0
votes

I know that threads share code/global data but have different stacks. Each thread has its own stack. I believe there is one virtual address space for each process. It means each thread uses this single virtual address space.

I want to know how stack/heap grows in case of multiple threads in the virtual address space? How does OS manages if stack space is full for one thread?

2
On Windows, each thread gets a block of address space for the stack, by default this is 1MB. If the thread overflows this space, the application crashes.Harry Johnston
Note that there are generally 3 parties involved: the OS, the C runtime and your own code. The OS generally doesn't care that your program is written in C and that the C runtime is managing your heap via malloc/free, or that C++ programs use new/delete.MSalters

2 Answers

2
votes

In linux the stack size is determined by guardsize when the guardsize if exceeded the stackoverflow occurs.

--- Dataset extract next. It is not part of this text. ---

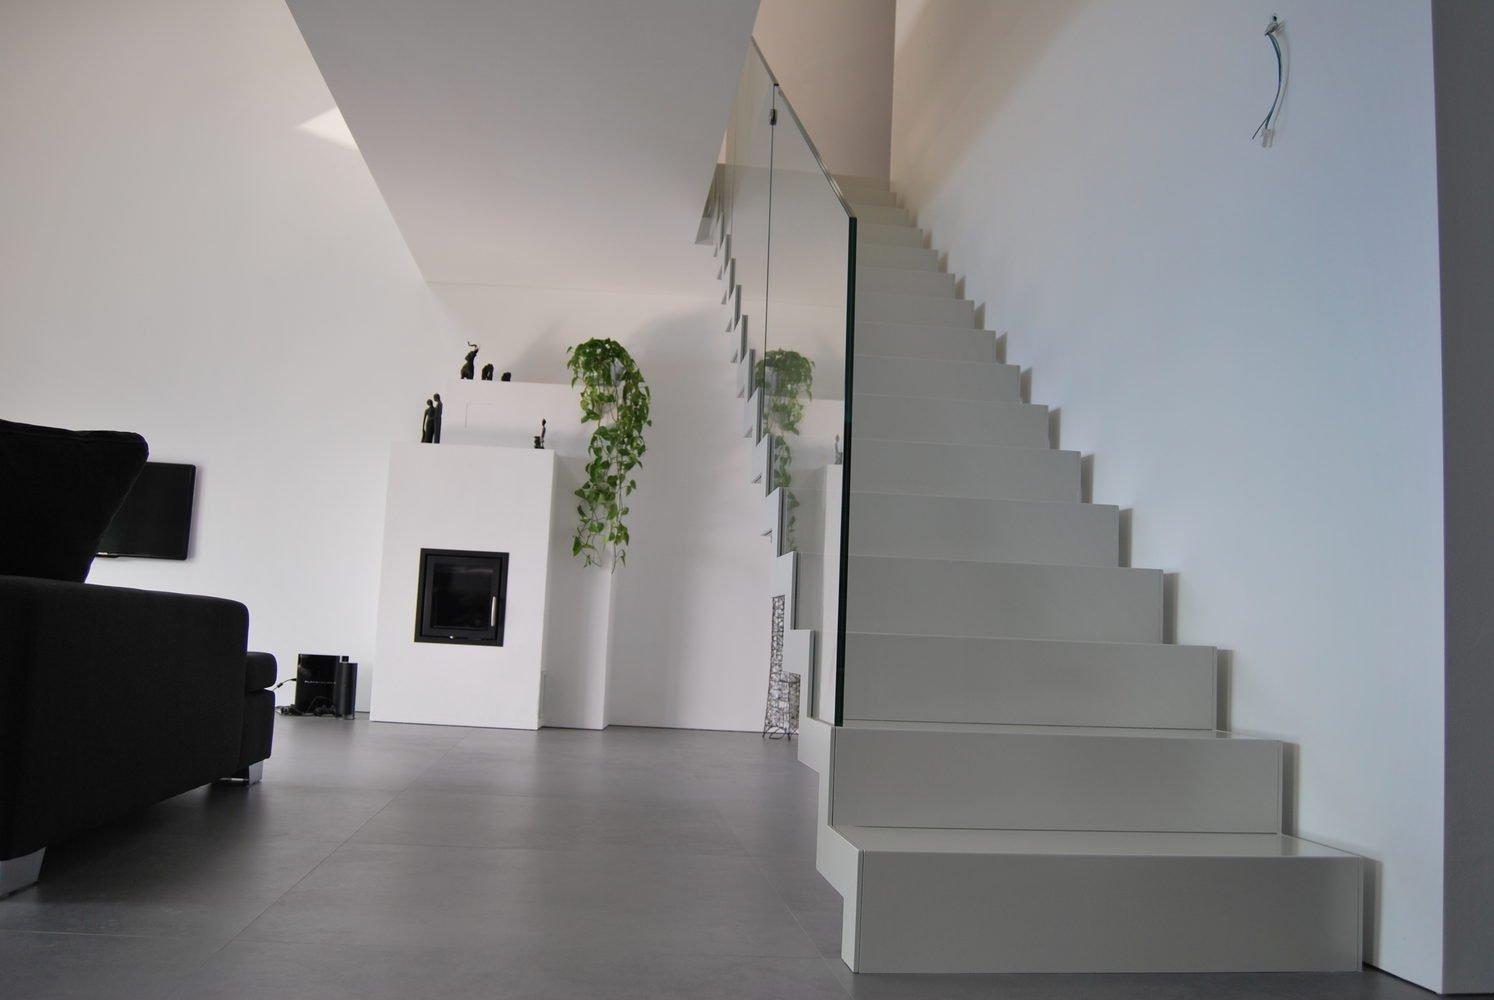 Dettaglio gradini bianchi con balaustra in vetro- scala scatolata bianca

It is programmer's responsibility to take care of stackoverflow. The default guardsize value is equal to page size defined in the system.

0
votes

Indeed, the memory manager of your operating system creates a virtual memory space for each process (processes have different memory spaces; threads share the same memory space within a process).

Within the memory space of a thread, each thread has its own stack. However, they share the same heap and clever memory management techniques are used to optimize the shared usage of the stack (see Memory Allocation/Deallocation Bottleneck? as a starting point).

How does OS manages if stack space is full for one thread?

The OS does not manage the stack. The stack is a static data structure created by the compiler. The memory allocations and memory releases from the stack are managed by the compiler, and it knows at any time the size of the stack. Thus, it can split the static memory region of the memory space (i.e. the whole "stack") into thread "sub-stacks".